A disorientating jumble of beams
The attic, a disorientating place to be.
Entered through a secret passage in one of the bedrooms, the rooftop hide is by far the biggest hide at the Hall. As soon as you enter the attic space you are confronted by a jumble of beams – it is quite easy to become disorientated as to your whereabouts in relation to the Hall below. Of course, this confusion served the purpose of the hide builder perfectly.

The end of the roof space?
The rooftop hide (in common with several other such hides at Harvington) is assumed to be the work of Nicholas Owen, the master builder of such places. At one point there is a false hide, intended to confuse searchers and recognised as a trademark of Owen’s. At the end of the building one comes to a wall, at about chest height there is an entrance to a large space beyond. At one time this entrance had hinges and a bolt, any searcher coming across this may well have assumed that they had reached the end of the building. In John Gerards autobiography he describes a similar hide in a house in London which was ‘built in a secret gable in the roof’ and that he had occasion to use during a search in July 1599.

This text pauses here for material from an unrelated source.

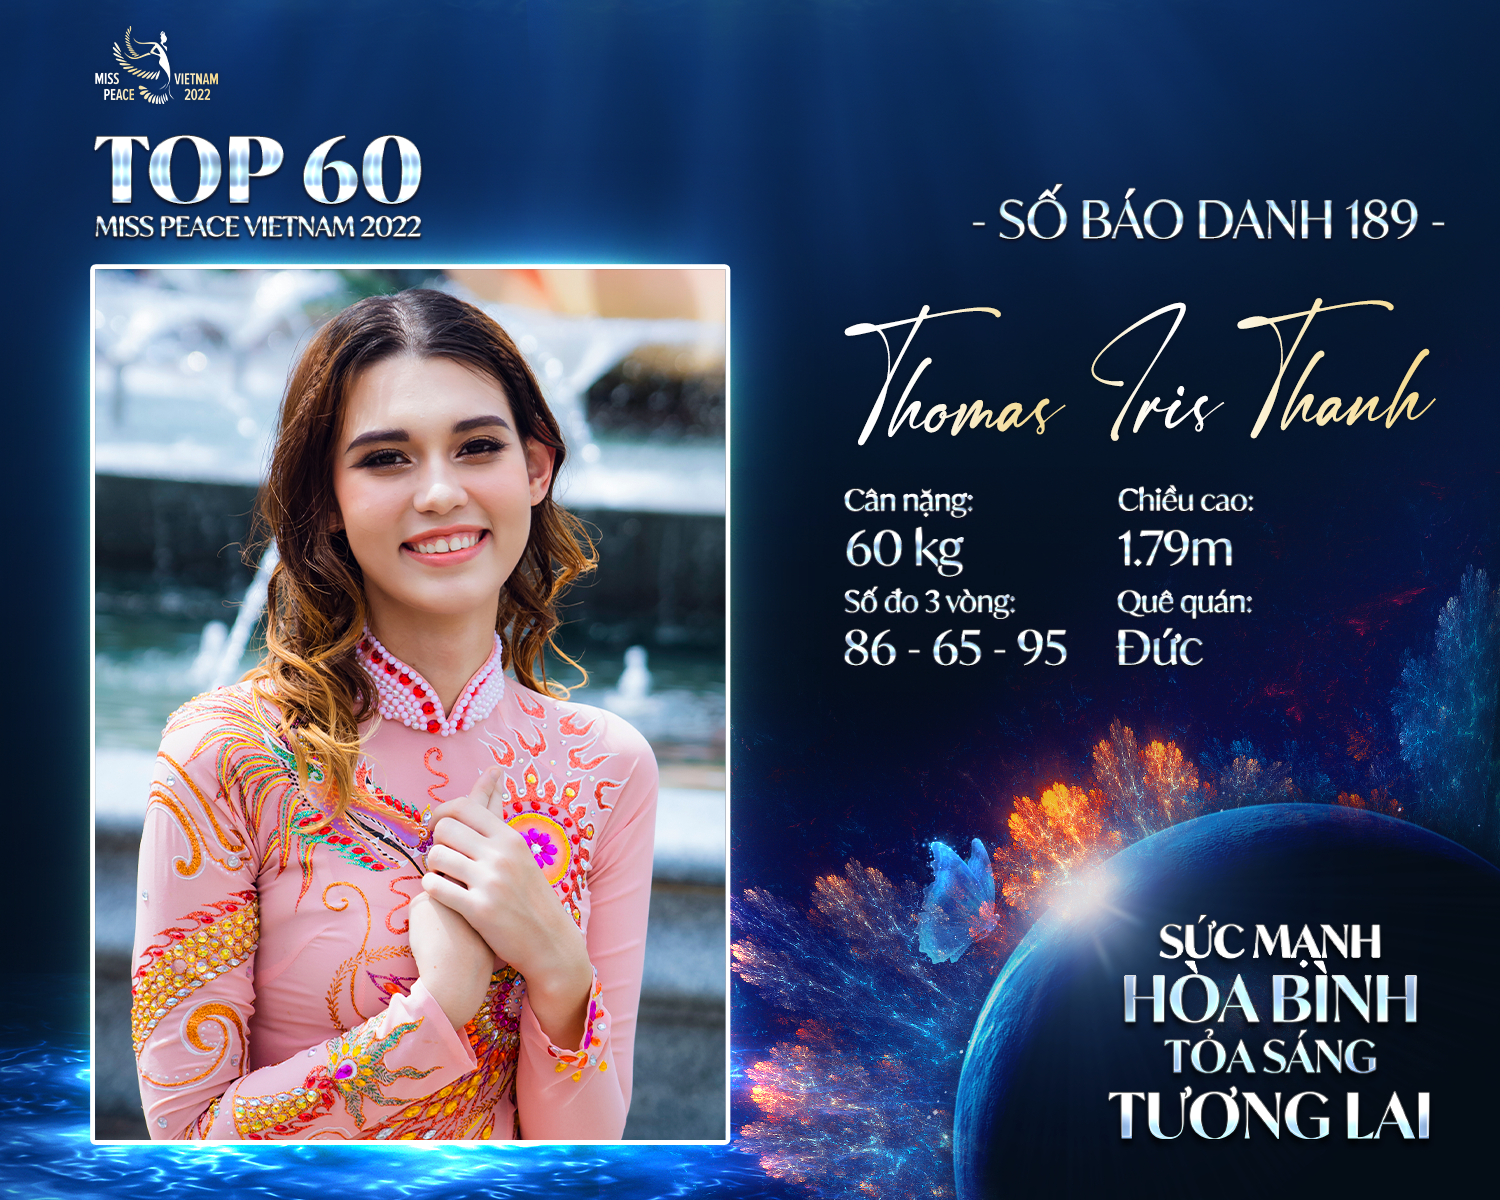 5 gương mặt sáng giá của Hoa hậu Hòa bình Việt Nam 2022 gây chú ý bởi chiều cao “khủng”, ngoại ngữ “đỉnh” - Ảnh 3.
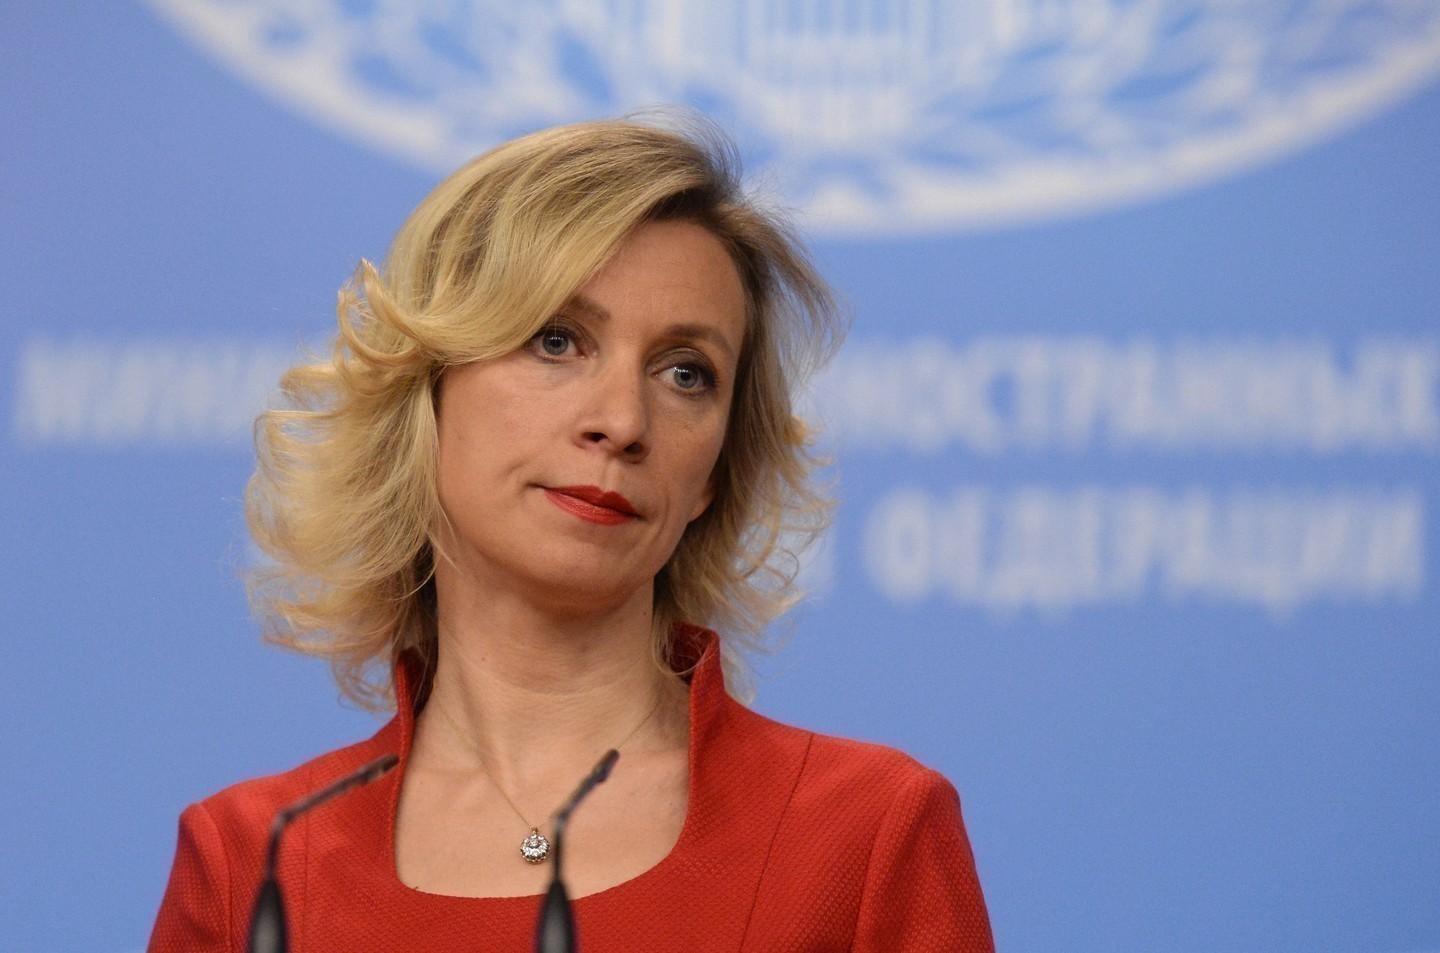 Мария Захарова, официальный представитель МИД РФ

Searchers gone & the hide opens to reveal a large space beyond
A search at Harvington?
There is no record of Harvington ever having been searched – which is perhaps a little strange because the owner of the Hall, Humphrey Packington was known to the authorities as someone sympathetic to the outlawed catholic cause. Like a lot of the stories about Harvington Hall, the truth is only partly known and to a great extent the Hall keeps it’s secrets to itself – I feel quite sure that the original builders would be quite satisfied with this.
The Colditz connection.
One story about this hide is that the Hall was visited a few years back by people who had been held as prisoners of war at Colditz castle. There is a famous story that they built a glider in the attic of the castle, planning to use this in an escape attempt ( click here for more about this story). Apparently, these visitors were shocked to learn of the similarities between their hide and the one at Harvington. Many of the techniques developed to disguise the entrance to the Colditz hide had been thought up over 300 years earlier by whoever built the hide at Harvington.

Priests bedroom - imagine the ceiling has vanished & this is what you might see?
(PS Important note – the panel shown on the picture above, entitled ‘the end of the roof space’ does not exist. I made this in Photoshop as a representation of how this may have looked.)